BEGIN Stored data
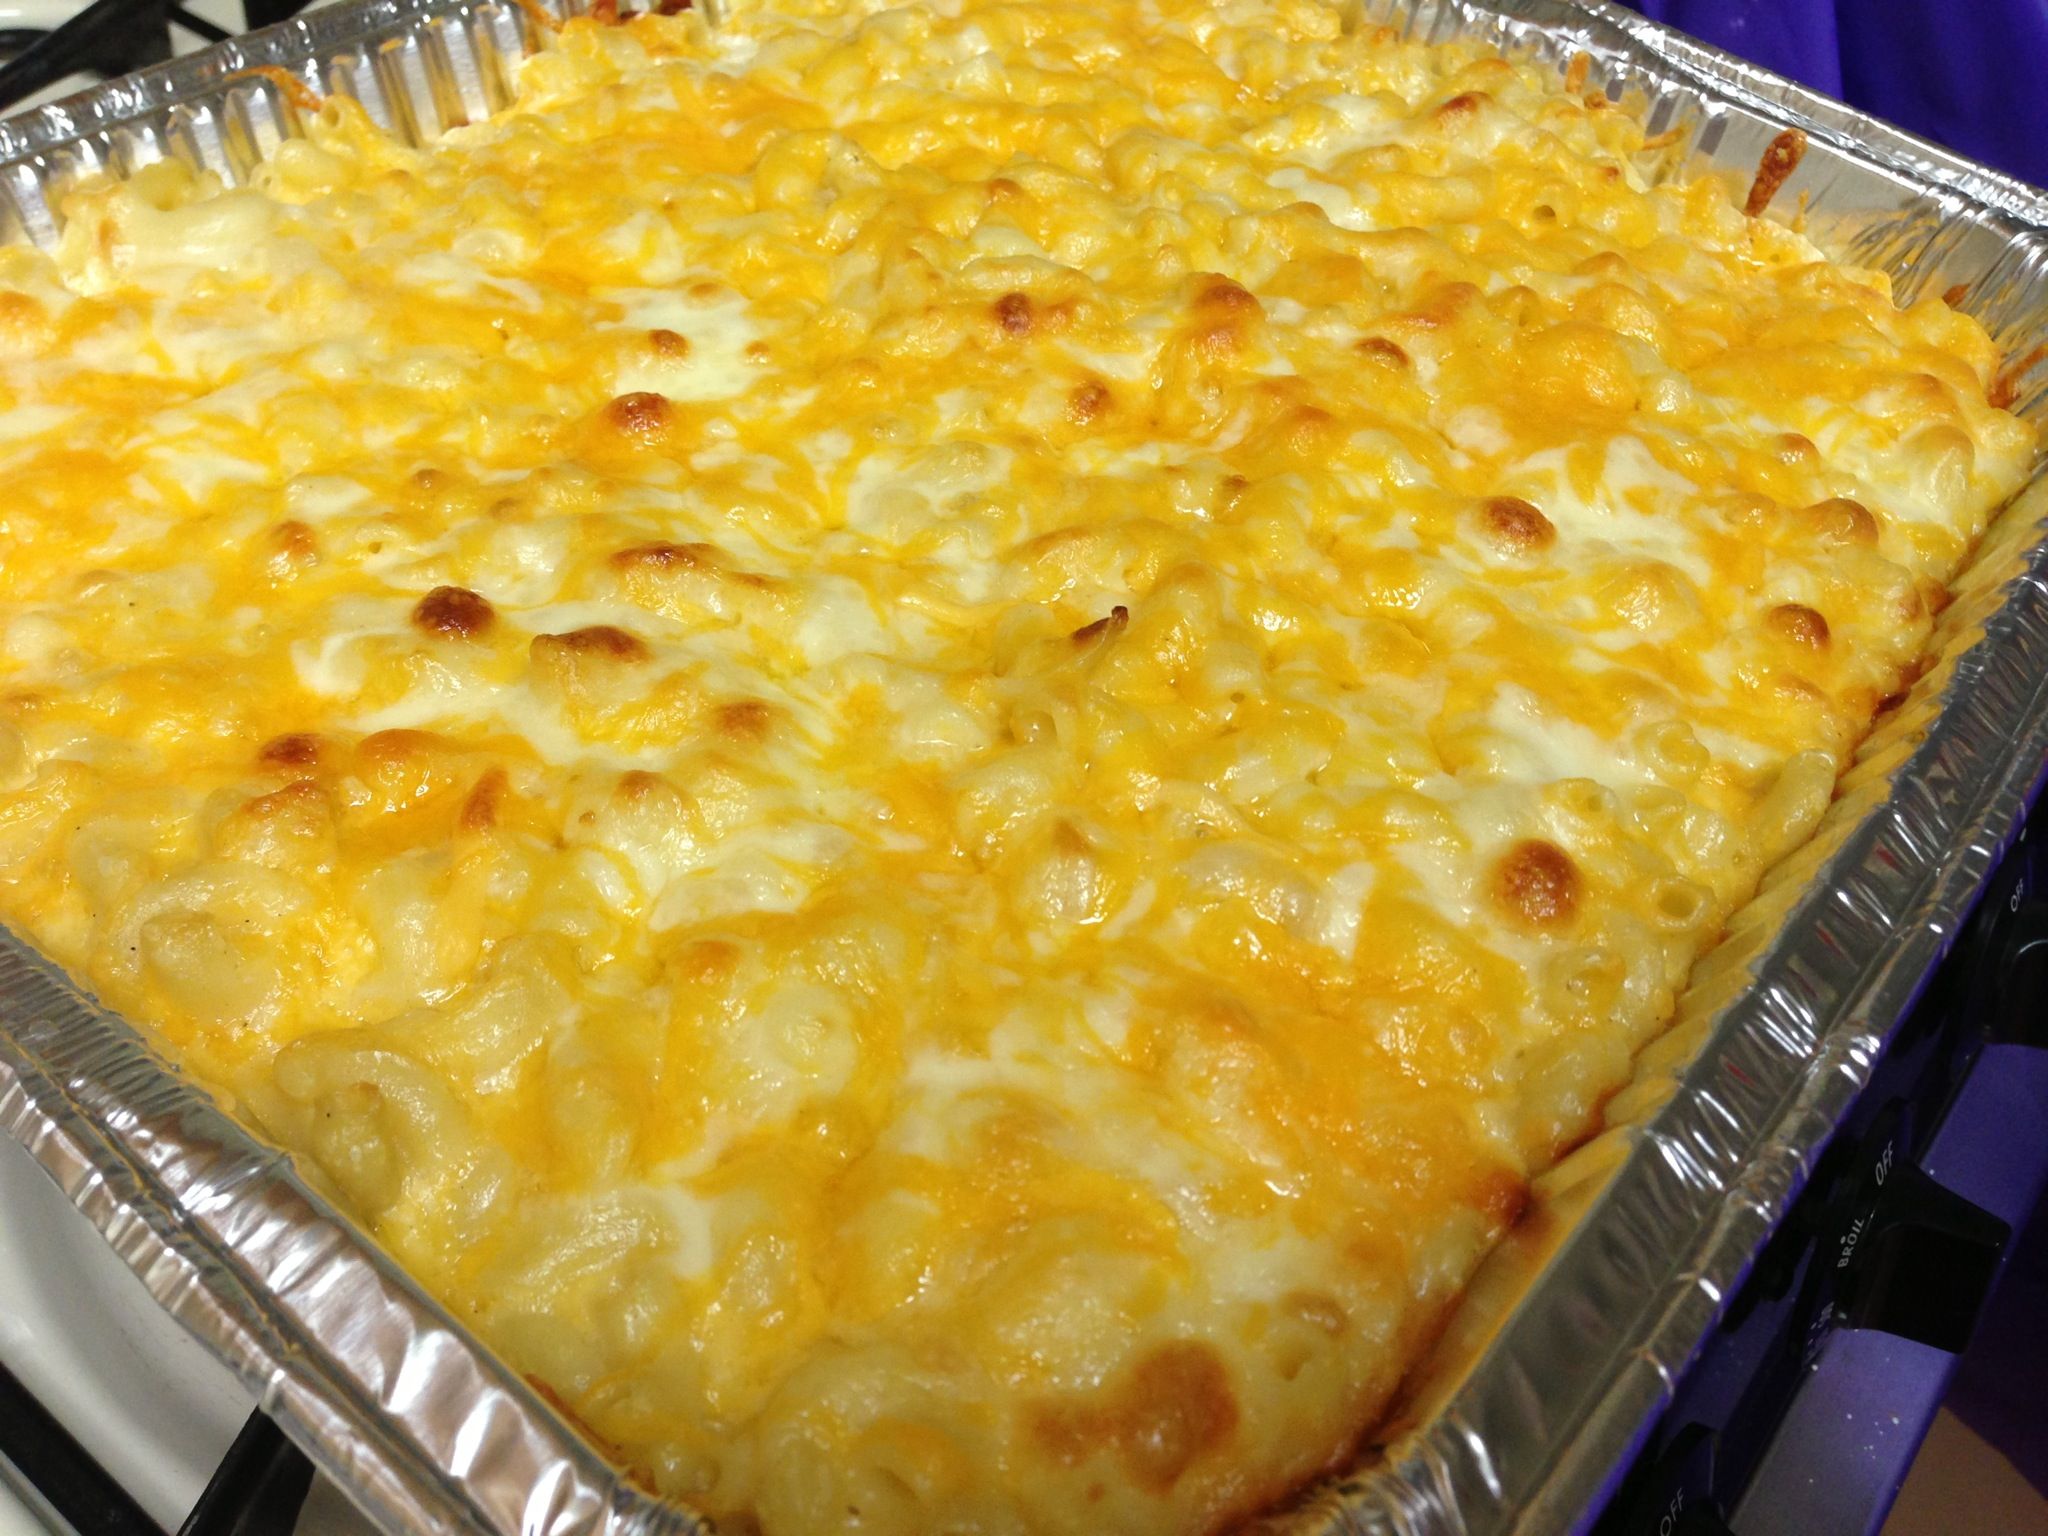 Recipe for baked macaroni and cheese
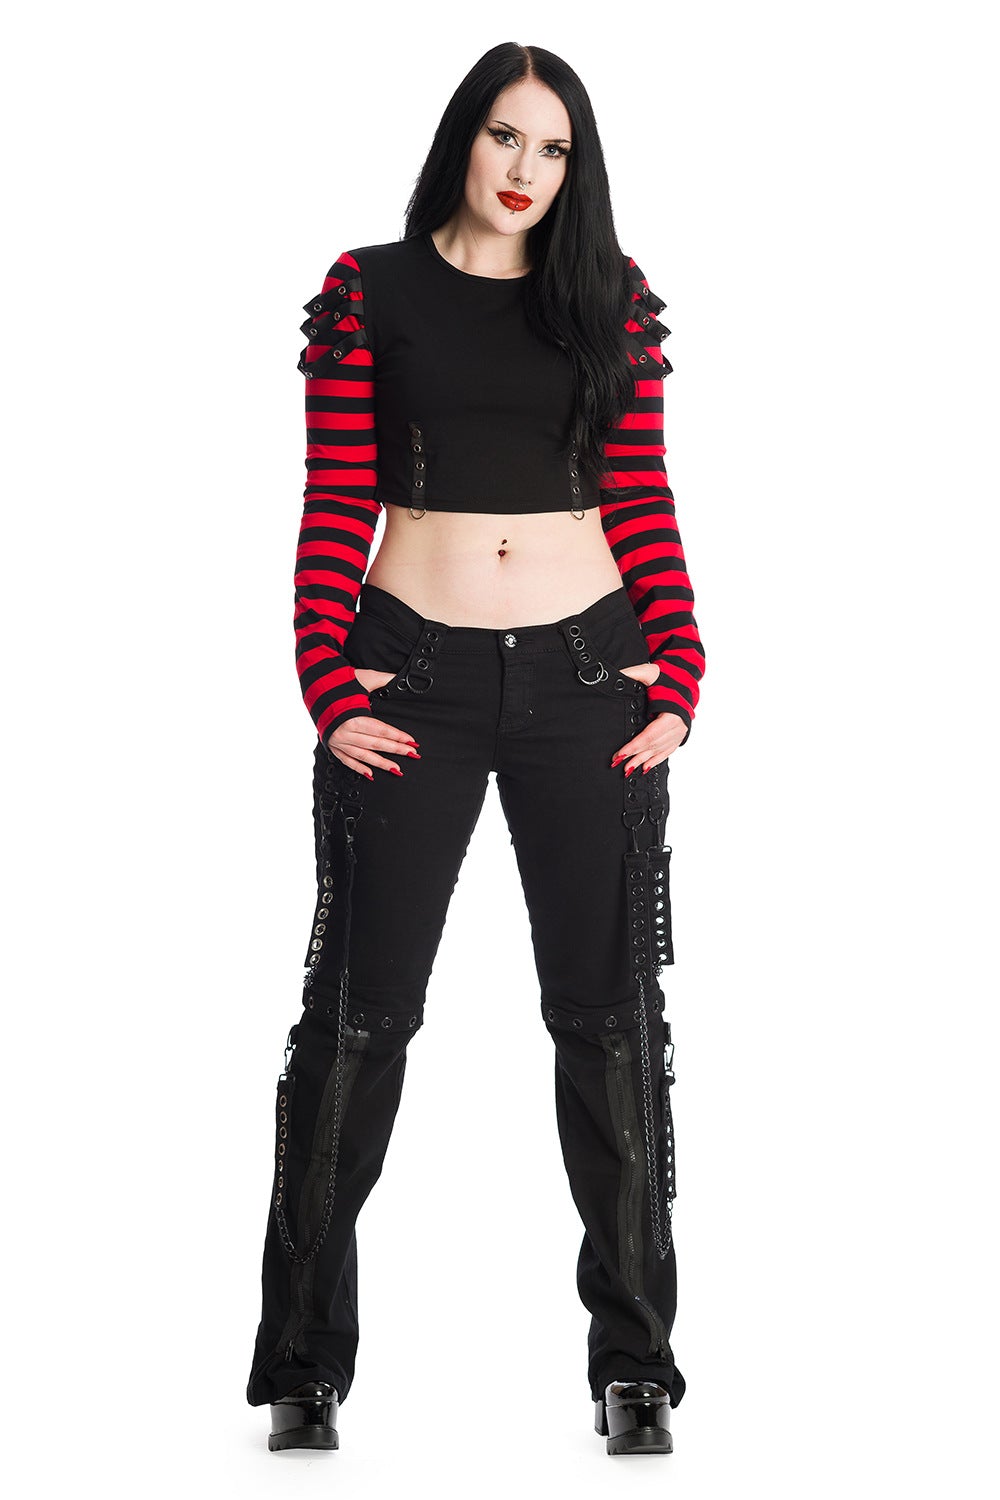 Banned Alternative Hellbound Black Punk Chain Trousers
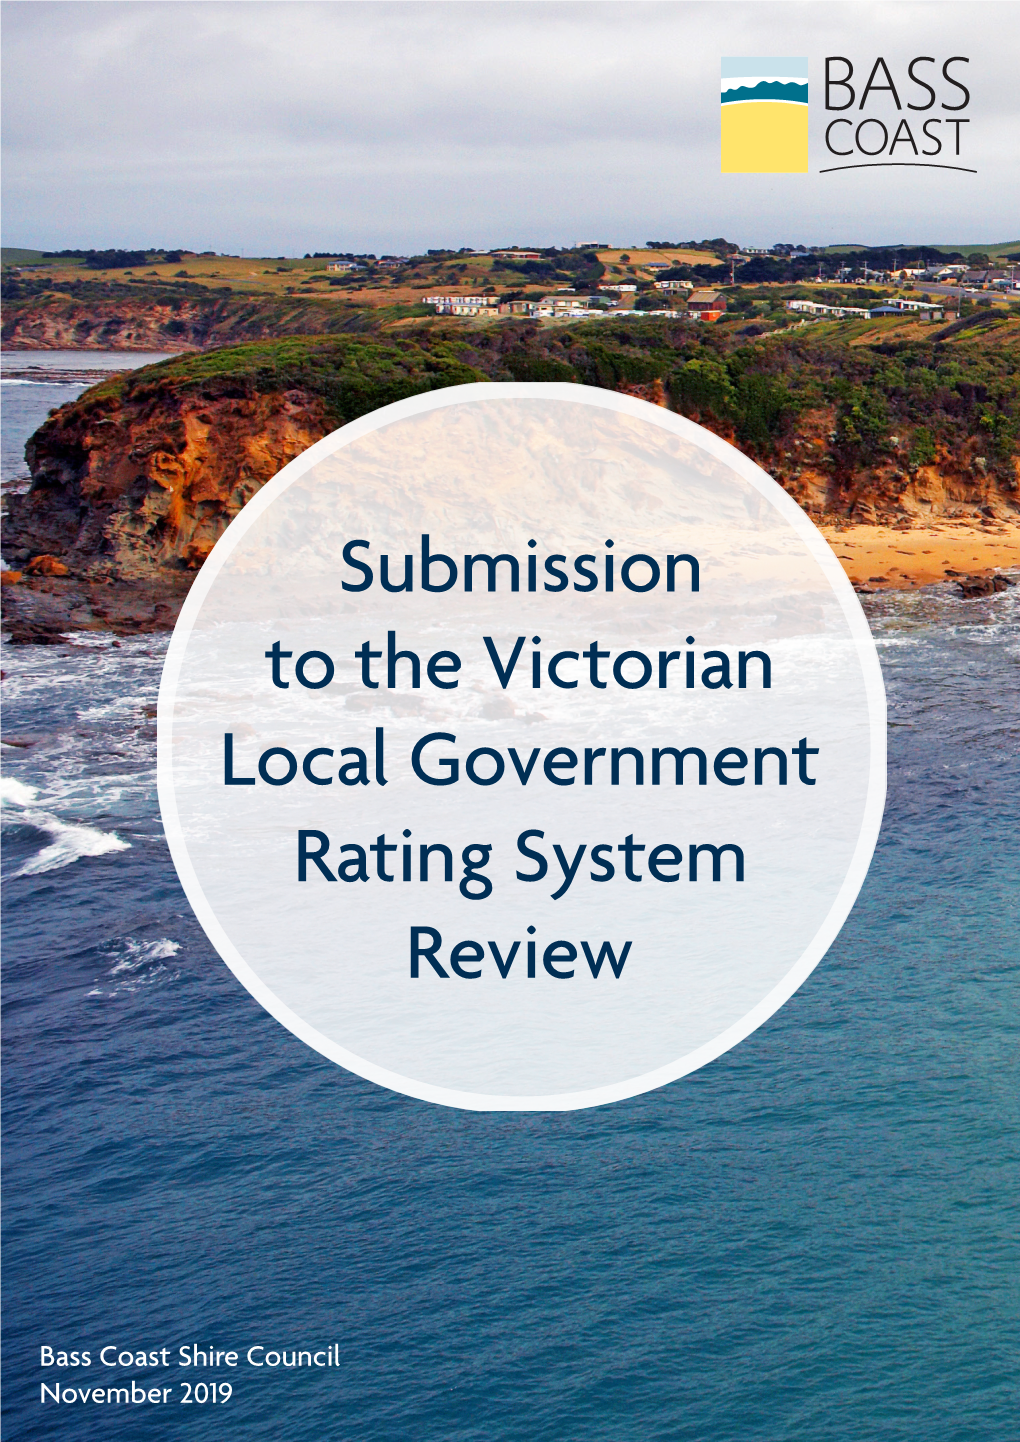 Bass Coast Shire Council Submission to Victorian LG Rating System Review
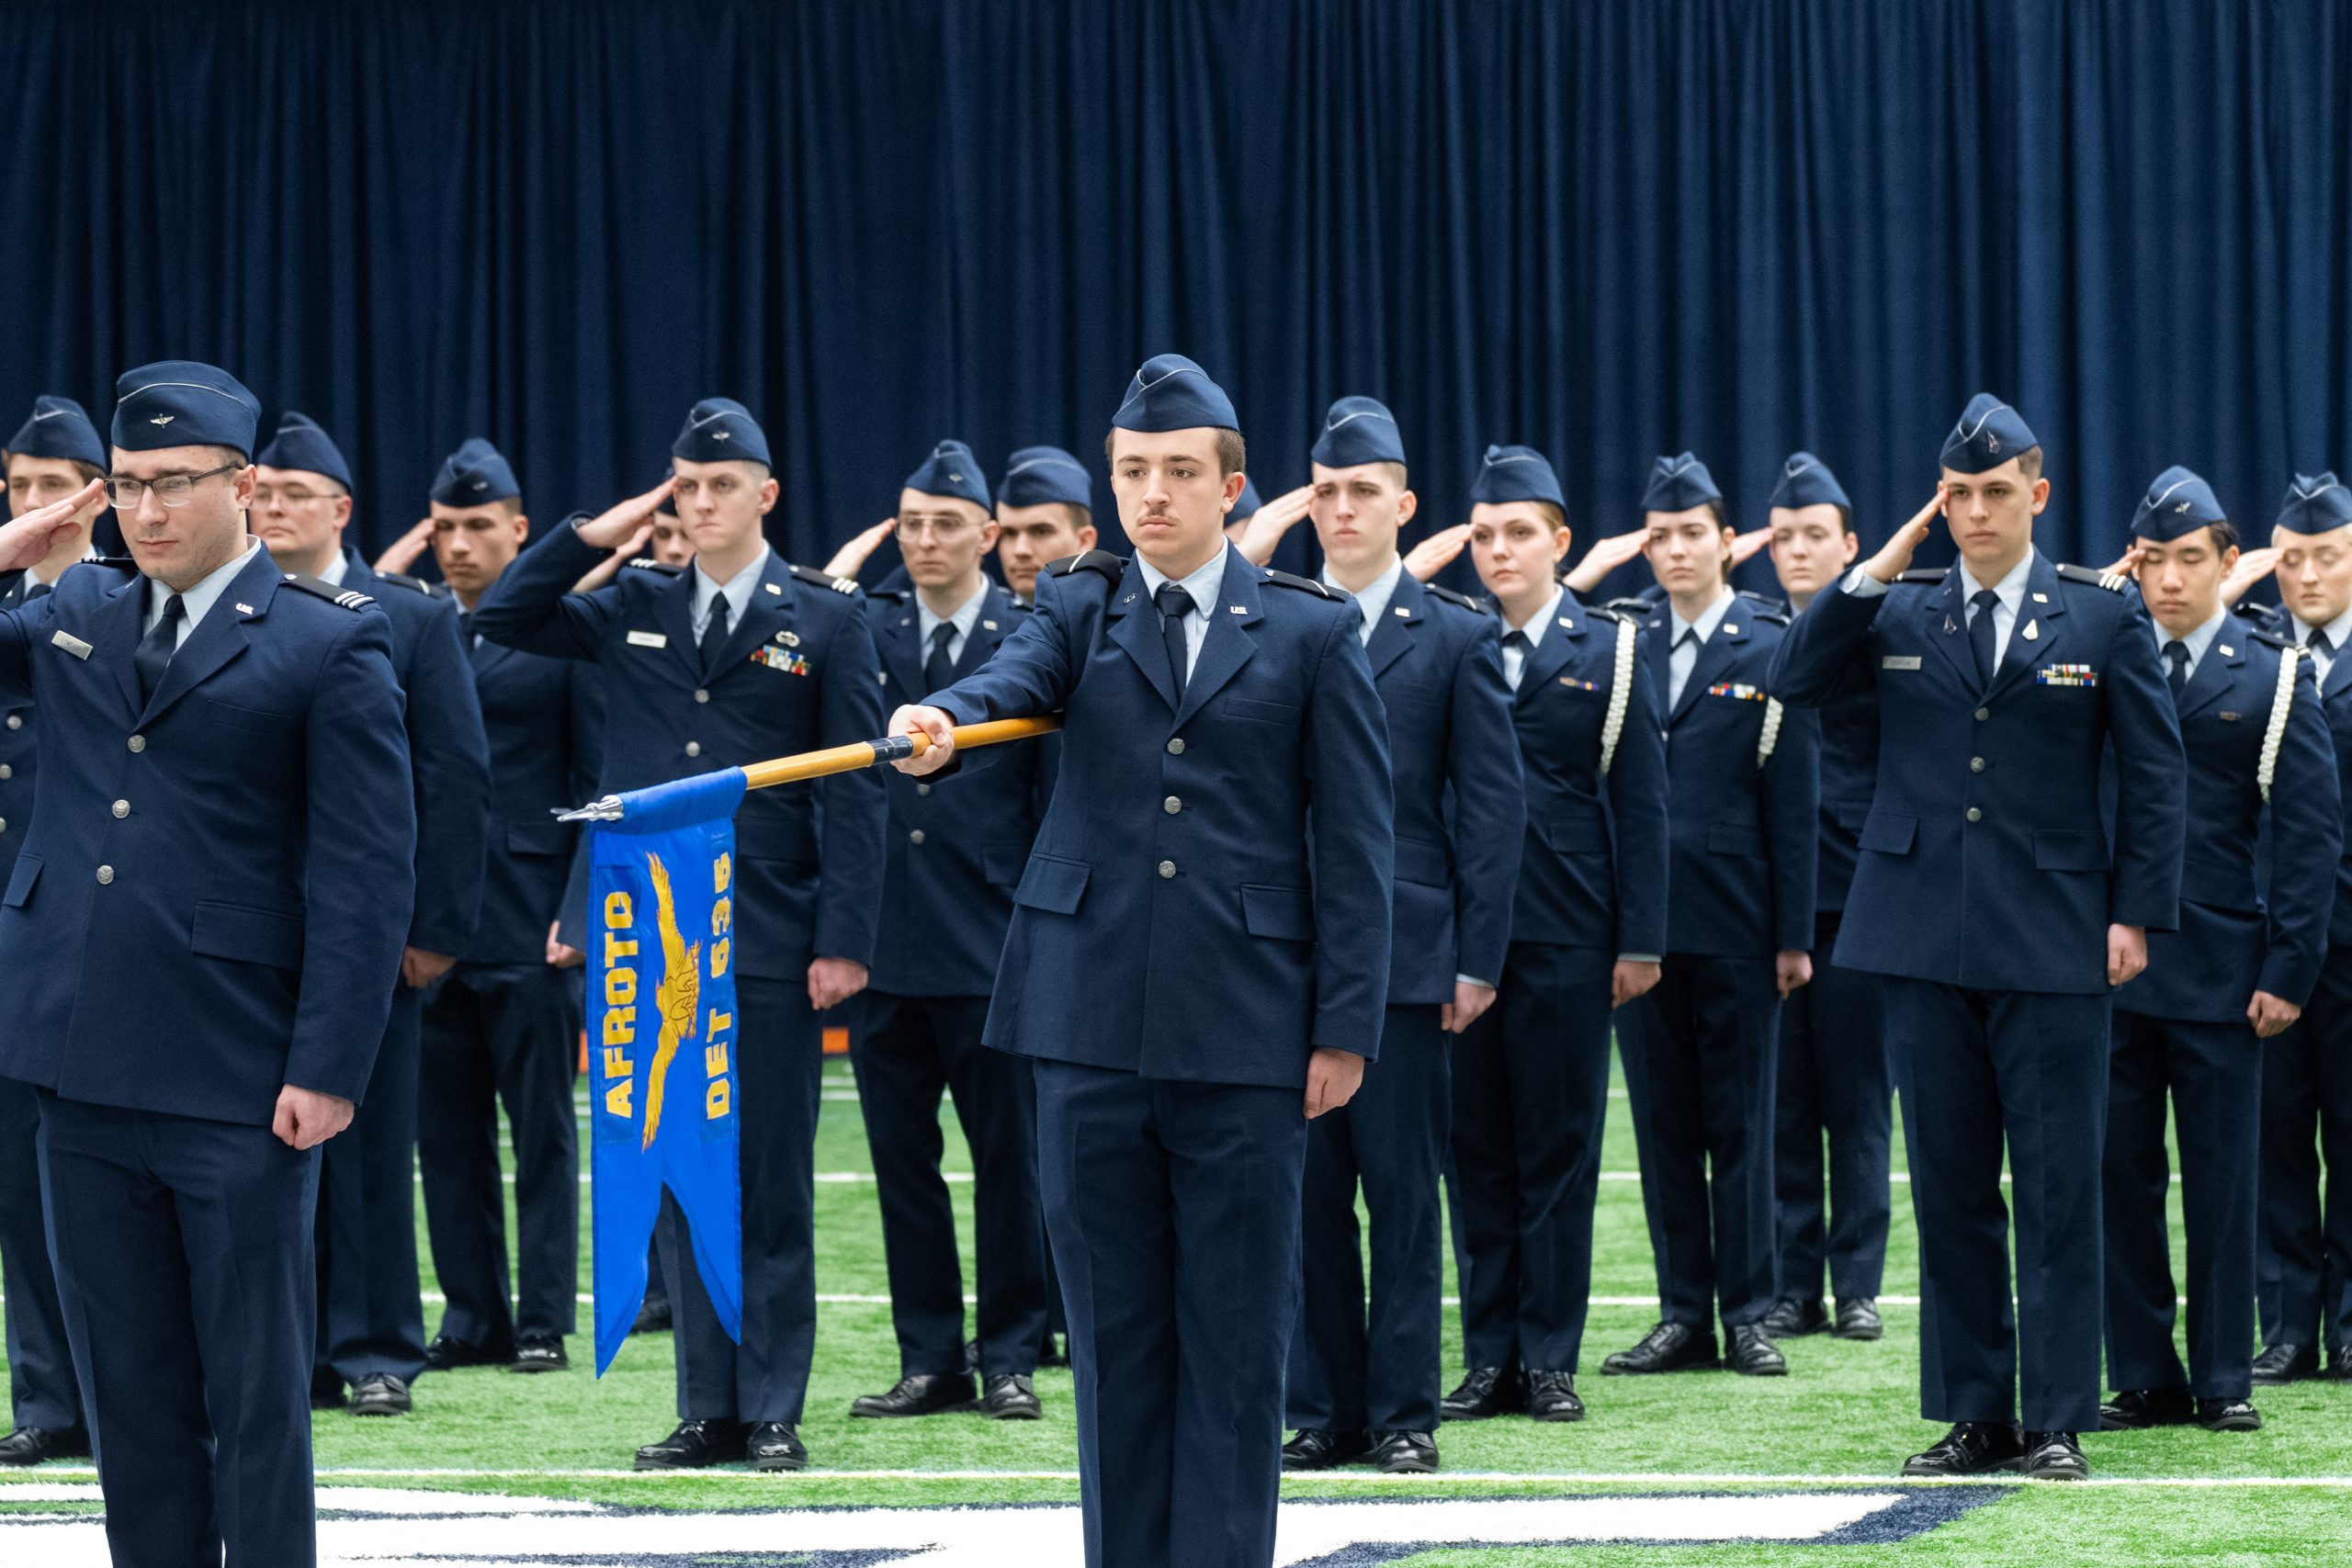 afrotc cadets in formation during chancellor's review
END Stored data
- Problem statement: Reproduce the listing exactly. Leave its pictures out.

- The completed task:
 Recipe for baked macaroni and cheese
 Banned Alternative Hellbound Black Punk Chain Trousers
 Bass Coast Shire Council Submission to Victorian LG Rating System Review
 afrotc cadets in formation during chancellor's review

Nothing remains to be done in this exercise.